#### GIVEN MATERIAL:
_ _ _ _
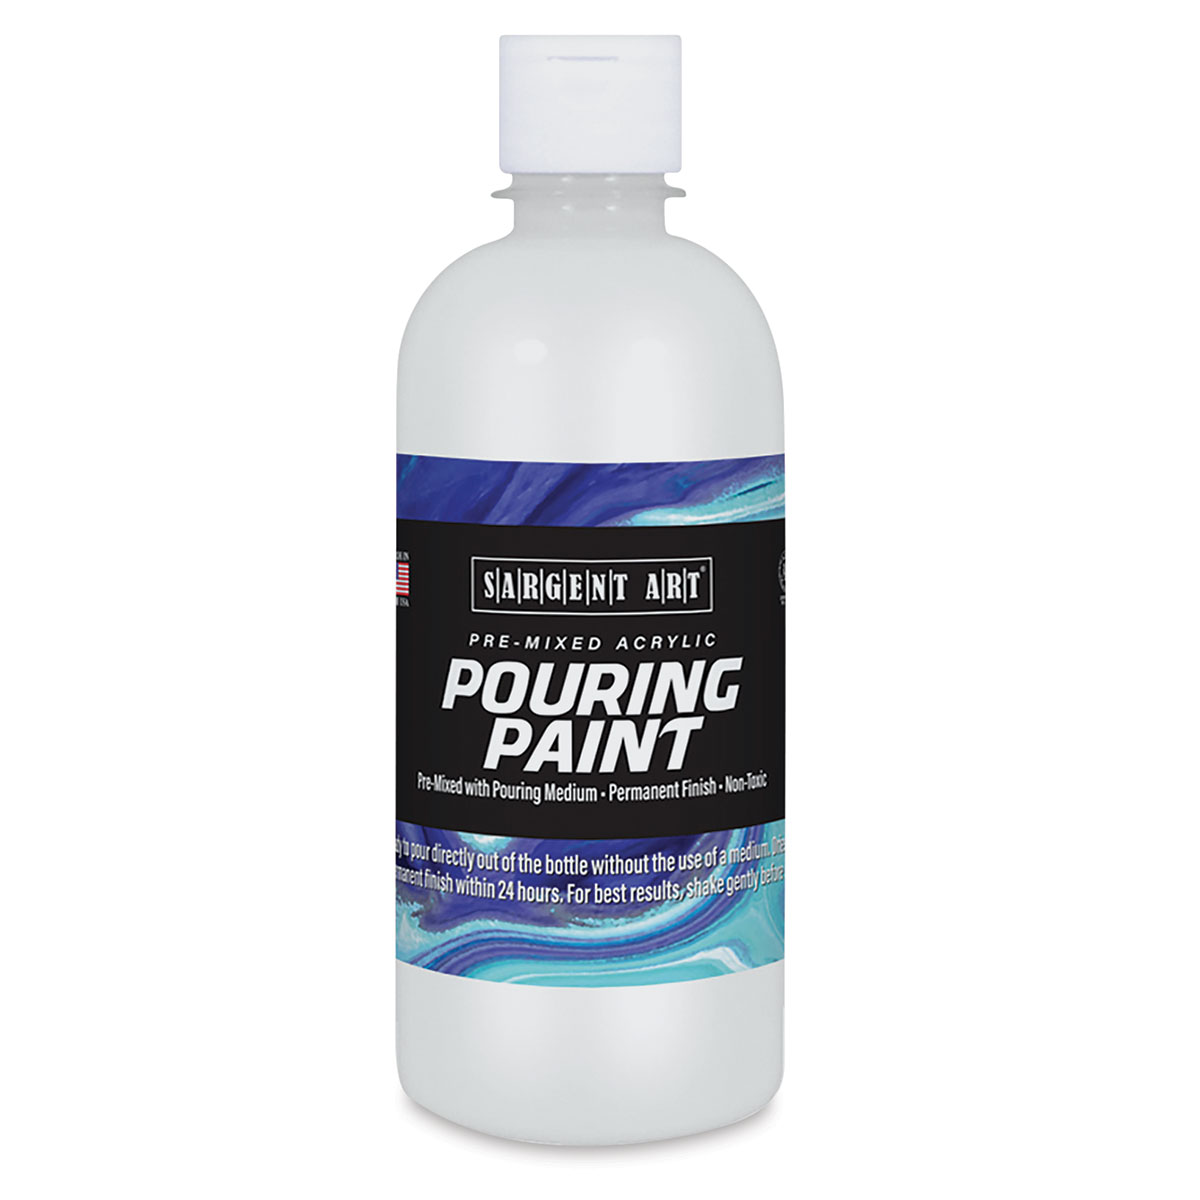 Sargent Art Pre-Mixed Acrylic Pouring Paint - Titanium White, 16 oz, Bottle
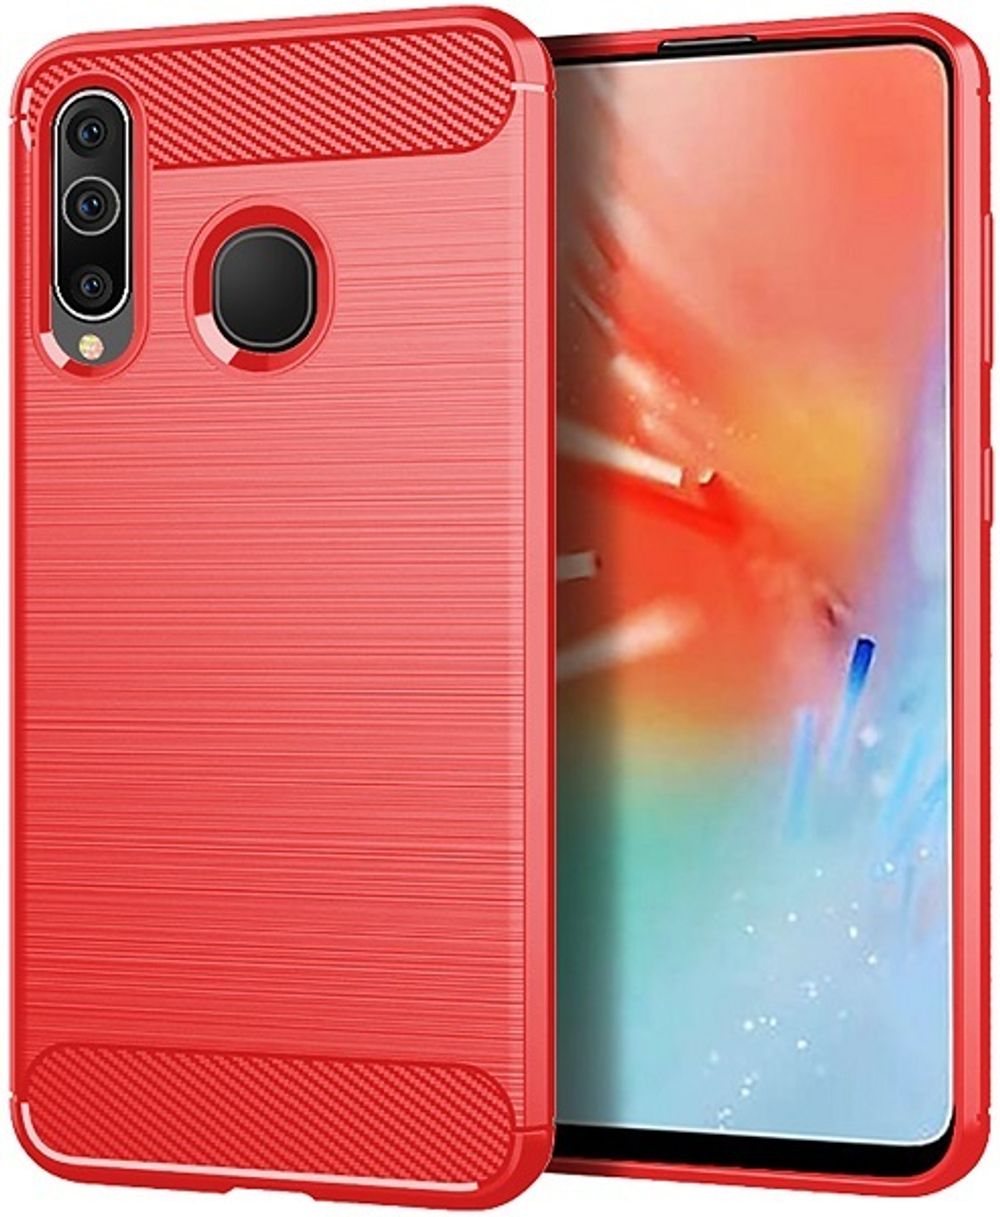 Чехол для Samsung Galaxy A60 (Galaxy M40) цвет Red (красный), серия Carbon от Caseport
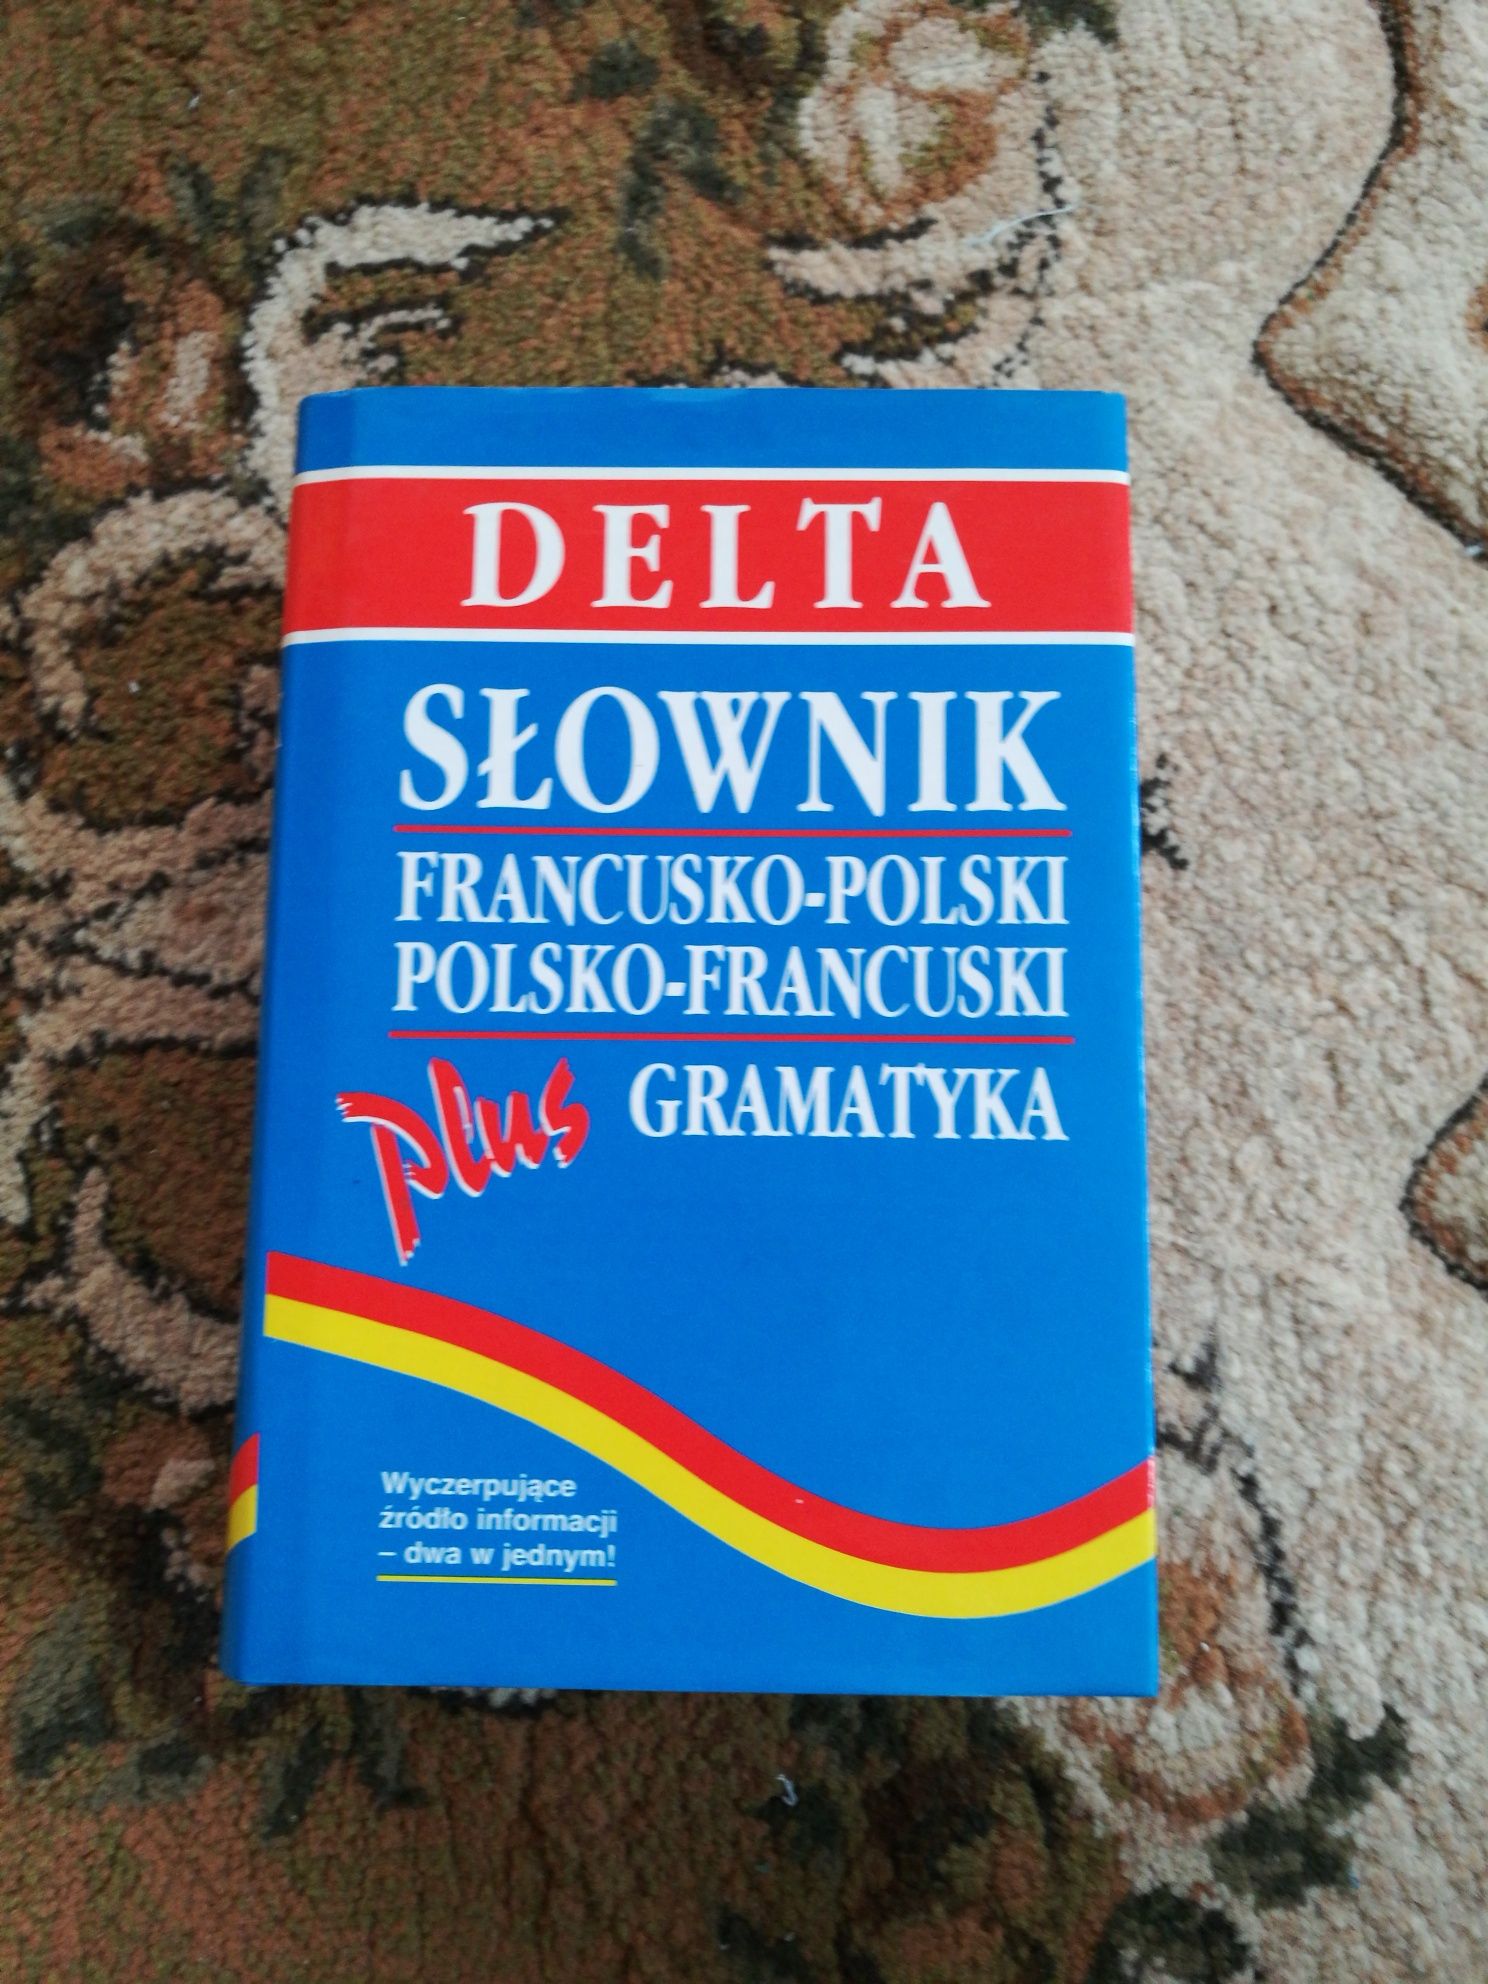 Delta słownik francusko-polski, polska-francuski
_ _ _ _
#### THE PROBLEM:
Would you transcribe all of the data exactly, omitting any pictures?

#### EXERCISE ANSWER:
 Sargent Art Pre-Mixed Acrylic Pouring Paint - Titanium White, 16 oz, Bottle
 Чехол для Samsung Galaxy A60 (Galaxy M40) цвет Red (красный), серия Carbon от Caseport
 Delta słownik francusko-polski, polska-francuski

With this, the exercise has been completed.